* [Exercise prompt]: Reproduce the listing below exactly, except for its pictures.

* [Collected data]:

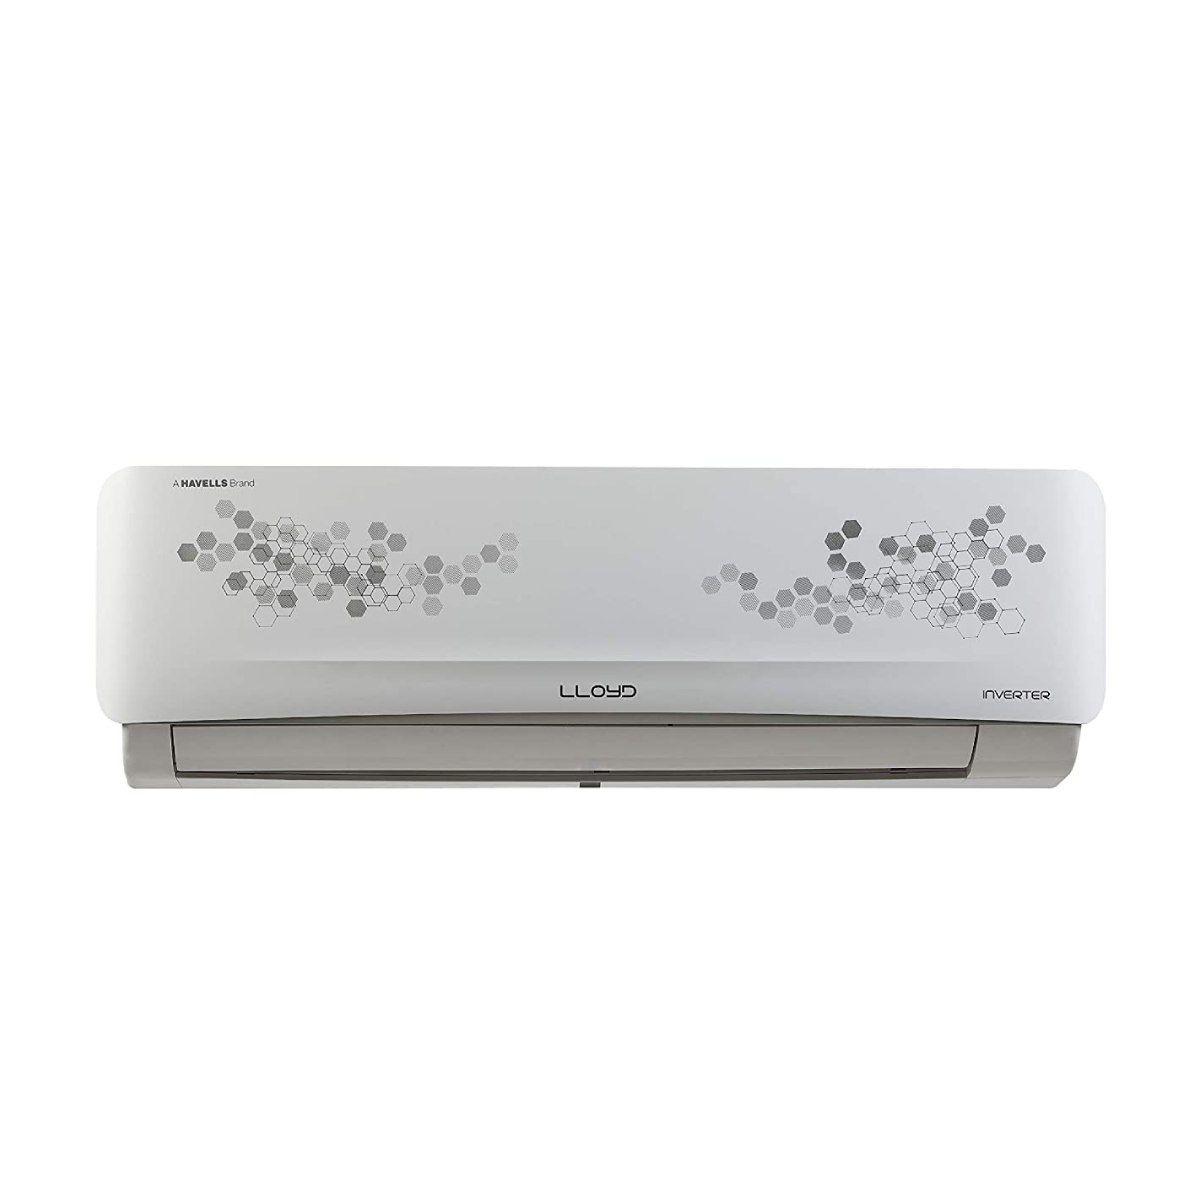 लोईड 1.0 Ton 3 Star Inverter Split AC (2021,GLS12I36WRBP)
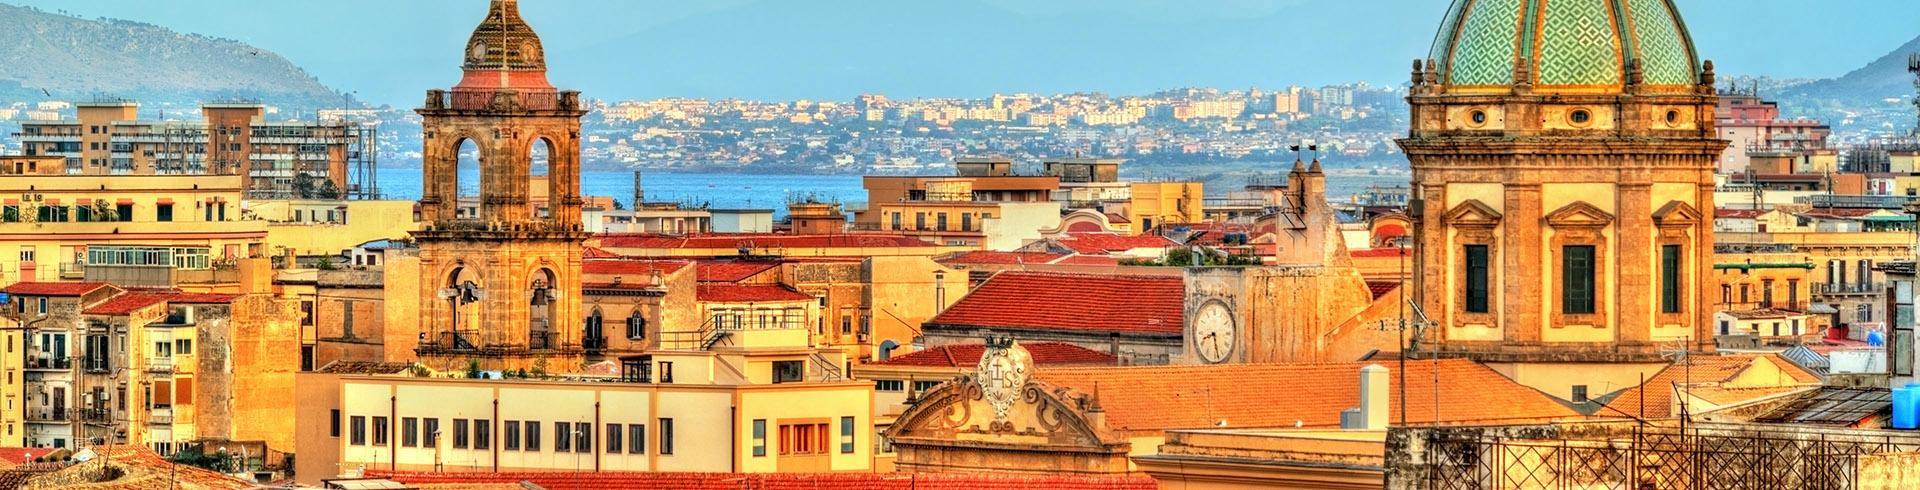 palerme italie europe 100 destinations en direct de nice vols destinations a roport. Black Bedroom Furniture Sets. Home Design Ideas
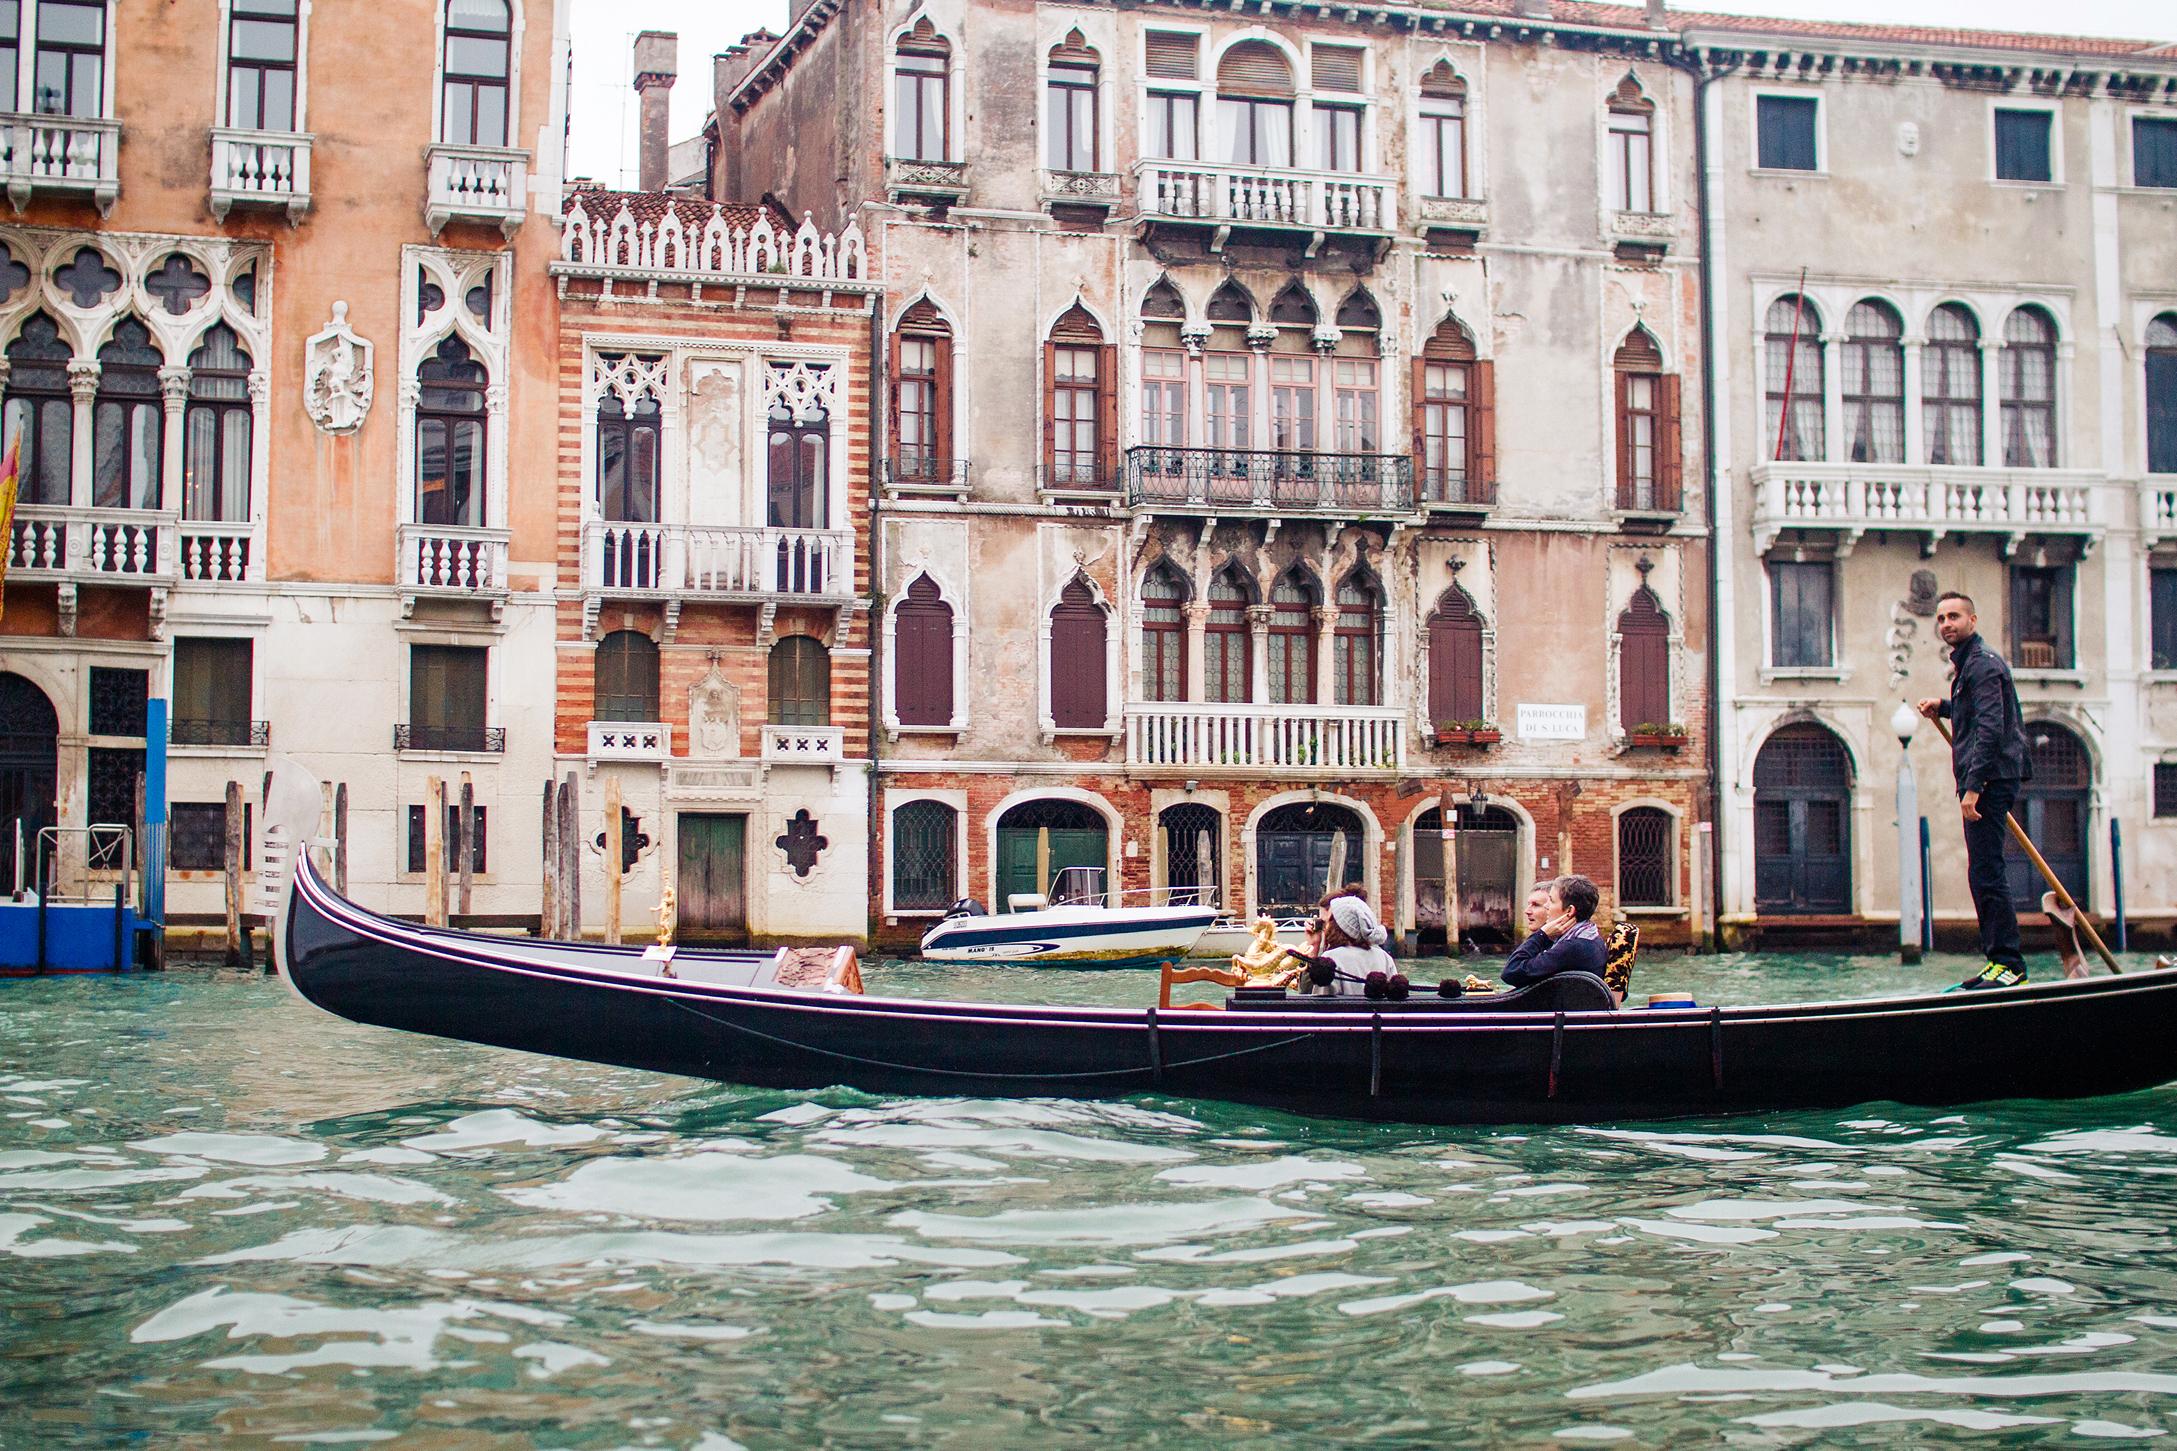 Exploring Venice: Tour Through its Streets & Canals | Walks

* [Response]:
 लोईड 1.0 Ton 3 Star Inverter Split AC (2021,GLS12I36WRBP)
 palerme italie europe 100 destinations en direct de nice vols destinations a roport. Black Bedroom Furniture Sets. Home Design Ideas
 Exploring Venice: Tour Through its Streets & Canals | Walks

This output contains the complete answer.